Our responsibility is to express an opinion on the Companys internal financial controls over financial reporting based on our audit. We conducted our audit in accordance with the Guidance Note on Audit of Internal Financial Controls Over Financial Reporting (the "Guidance Note") and the Standards on Auditing deemed to be prescribed under Section 143(10) of the Act to the extent applicable to an audit of internal financial controls, both applicable to an audit of internal financial controls and both issued by the ICAI. Those Standards and the Guidance Note require that we comply with ethical requirements and plan and perform the audit to obtain reasonable assurance about whether adequate internal financial controls over financial reporting was established and maintained and if such controls operated effectively in all material respects.

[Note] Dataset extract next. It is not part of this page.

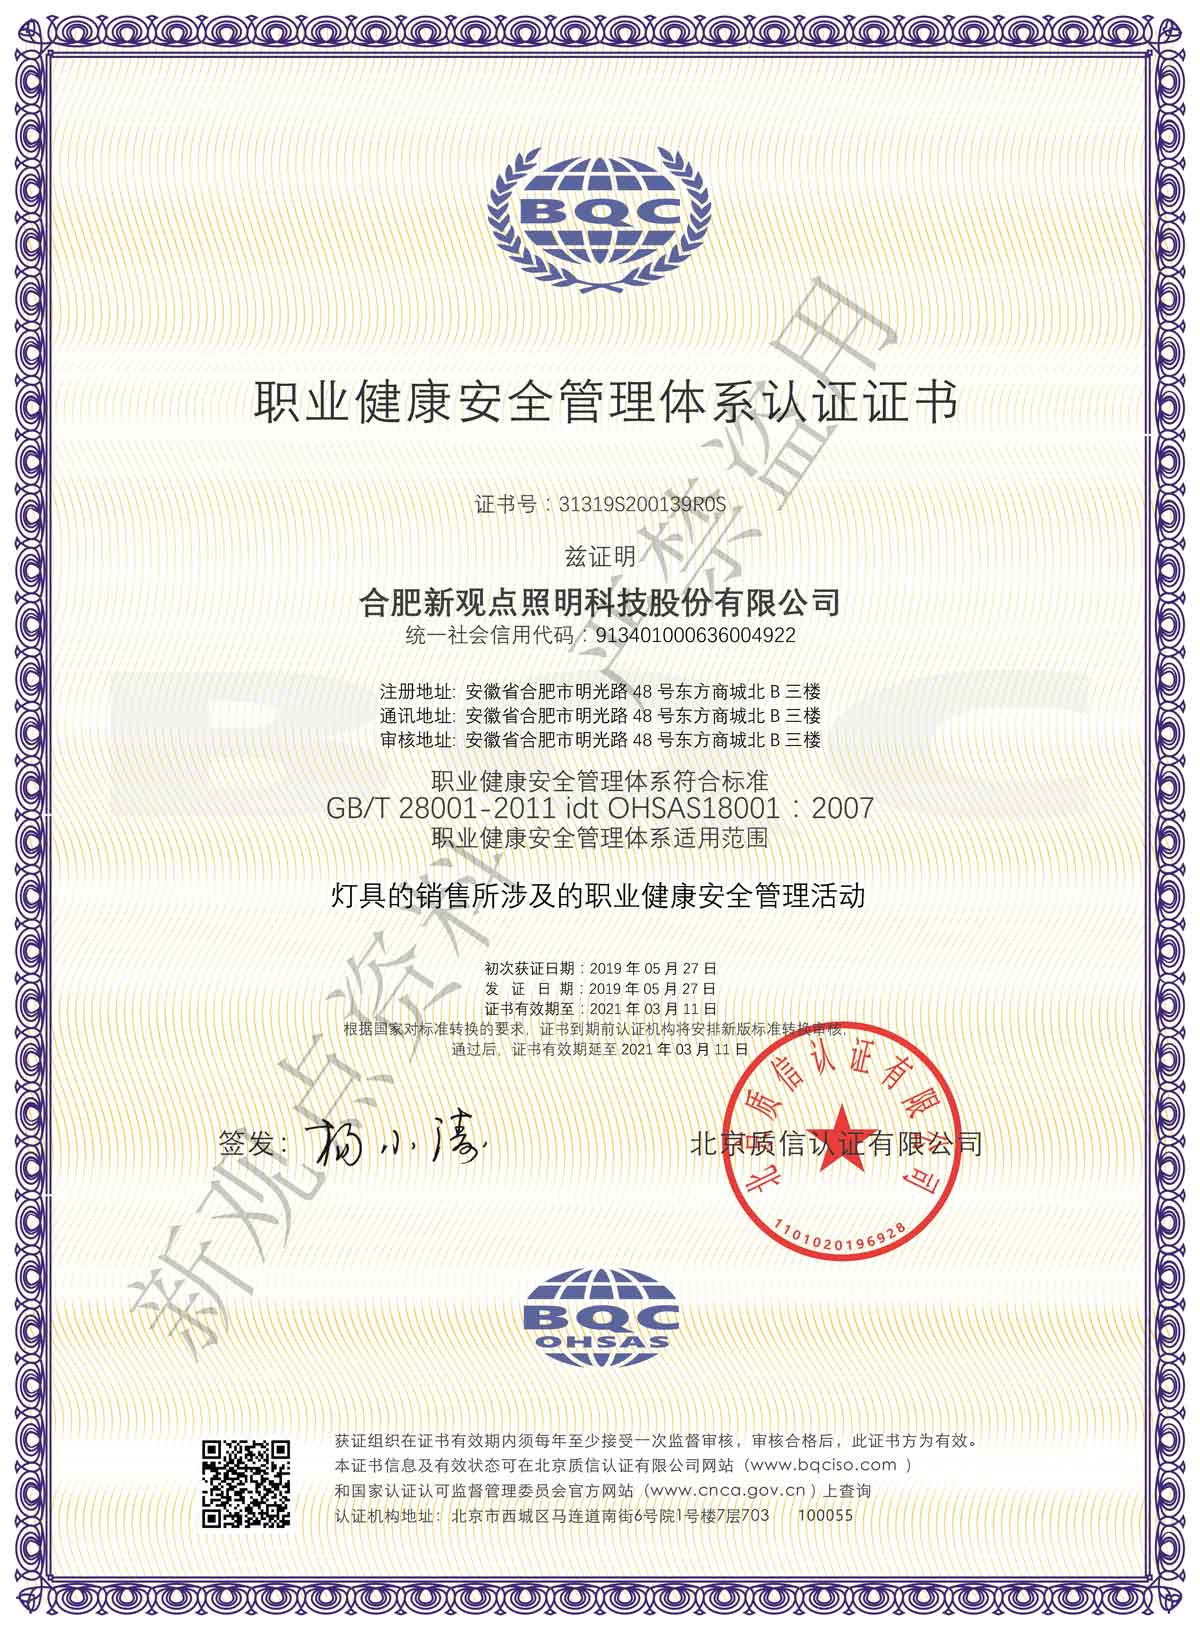 3-3职业健康安全管理体系认证-中文证书.jpg
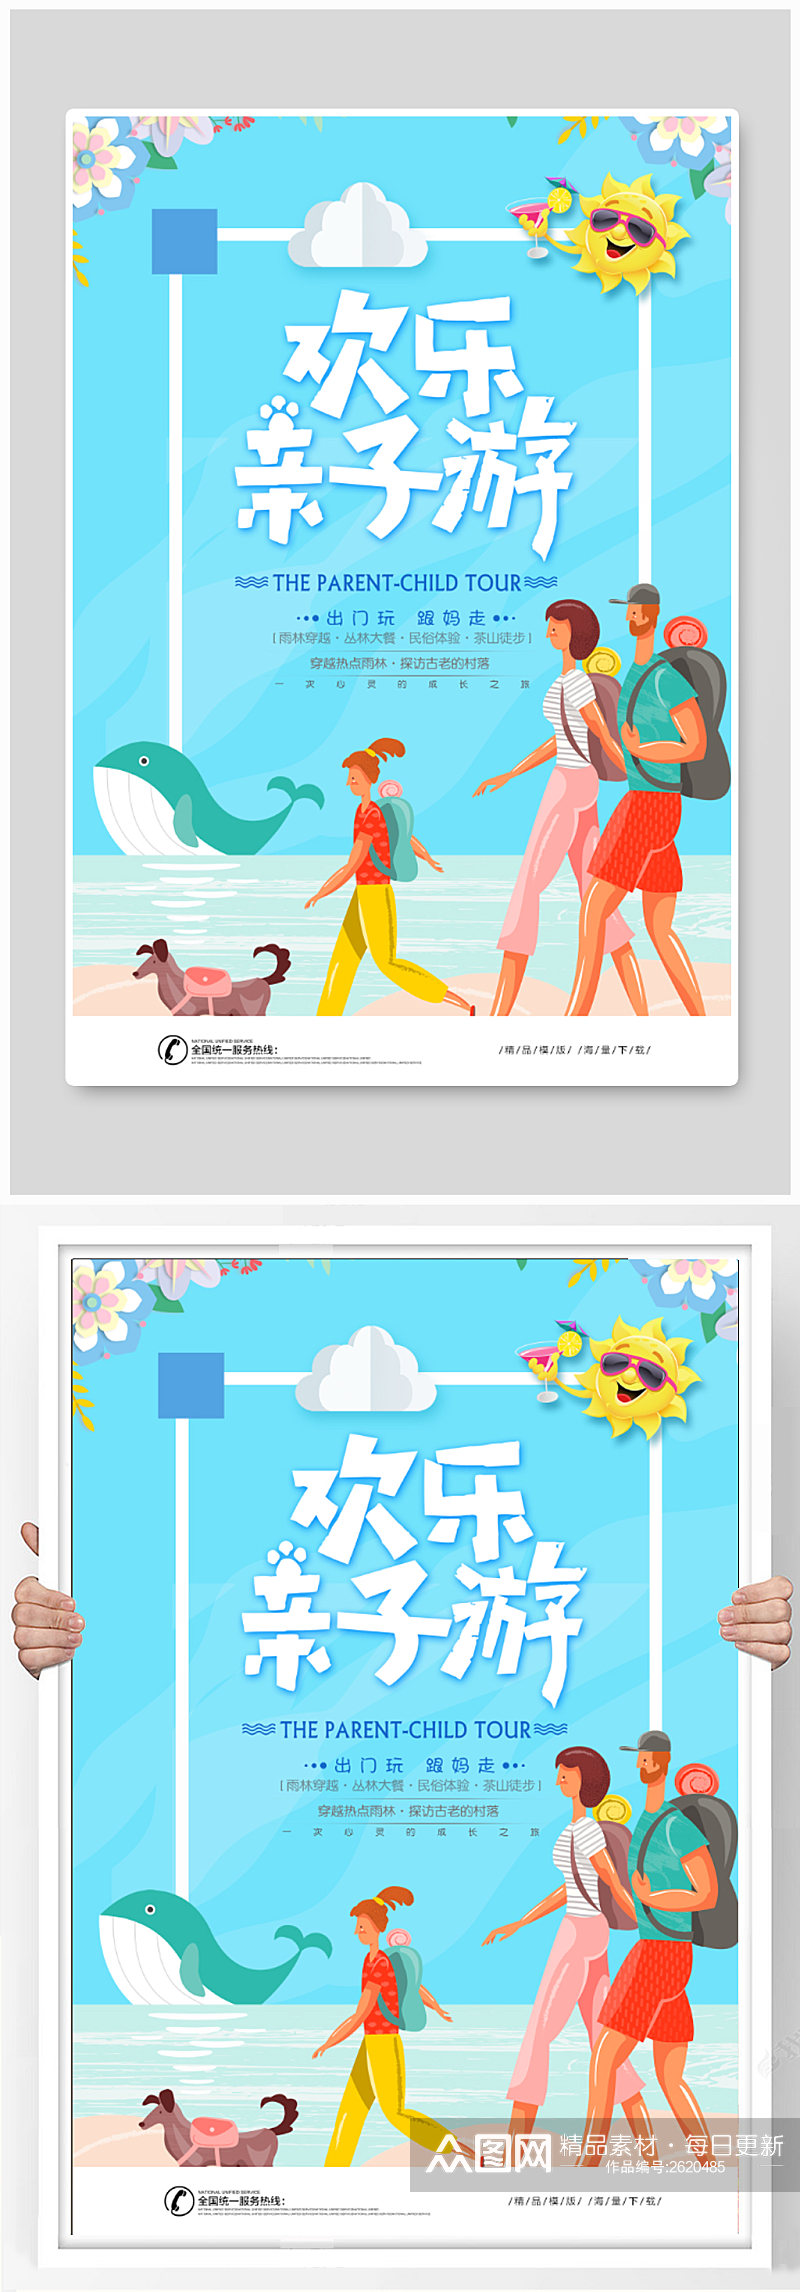 欢乐亲子游旅游宣传 活动 海报素材

Our audit involves performing procedures to obtain audit evidence about the adequacy of the internal financial controls system over financial reporting and their operating effectiveness. Our audit of internal financial controls over financial reporting included obtaining an understanding of internal financial controls over financial reporting, assessing the risk that a material weakness exists, and testing and evaluating the design and operating effectiveness of internal control based on the assessed risk. The procedures selected depend on the auditors judgment, including the assessment of the risks of material misstatement of the financial statements, whether due to fraud or error.

We believe that the audit evidence we have obtained is sufficient and appropriate to provide a basis for our audit opinion on the Companys internal financial controls system over financial reporting.

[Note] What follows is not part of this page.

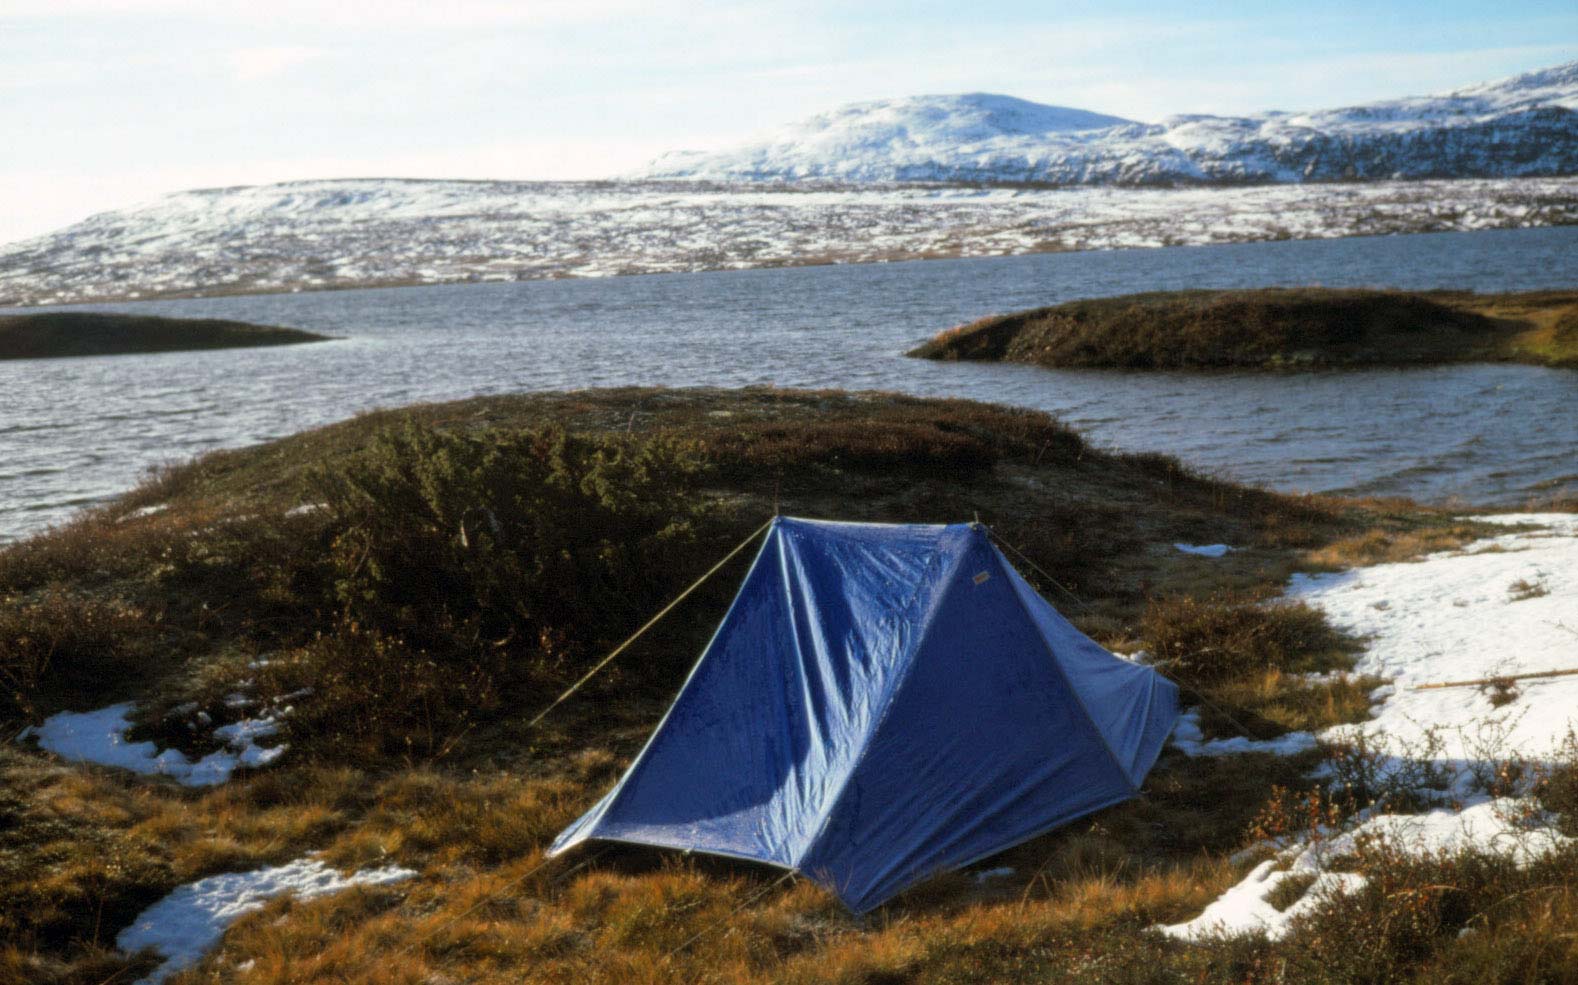 Tältet Fjällräven original använde vi under många år, vikt 2,4 kg. Från vandring från Gudå i Norge oktober 1975.

Meaning of Internal Financial Controls Over Financial Reporting

A Companys internal financial control over financial reporting is a process designed to provide reasonable assurance regarding the reliability of financial reporting and the preparation of financial statements for external purposes in accordance with generally accepted accounting principles. A Companys internal financial control over financial reporting includes those policies and procedures that (1) pertain to the maintenance of records that, in reasonable detail, accurately and fairly reflect the transactions and dispositions of the assets of the company; (2) provide reasonable assurance that transactions are recorded as necessary to permit preparation of financial statements in accordance with generally accepted accounting principles, and that receipts and expenditures of the entity are being made only in accordance with authorisations of management; and (3) provide reasonable assurance regarding prevention or timely detection of unauthorised acquisition, use, or disposition of the entitys assets that could have a material effect on the financial statements (4) also provide reasonable assurance by the internal auditors through their internal audit reports given to the entity from time to time.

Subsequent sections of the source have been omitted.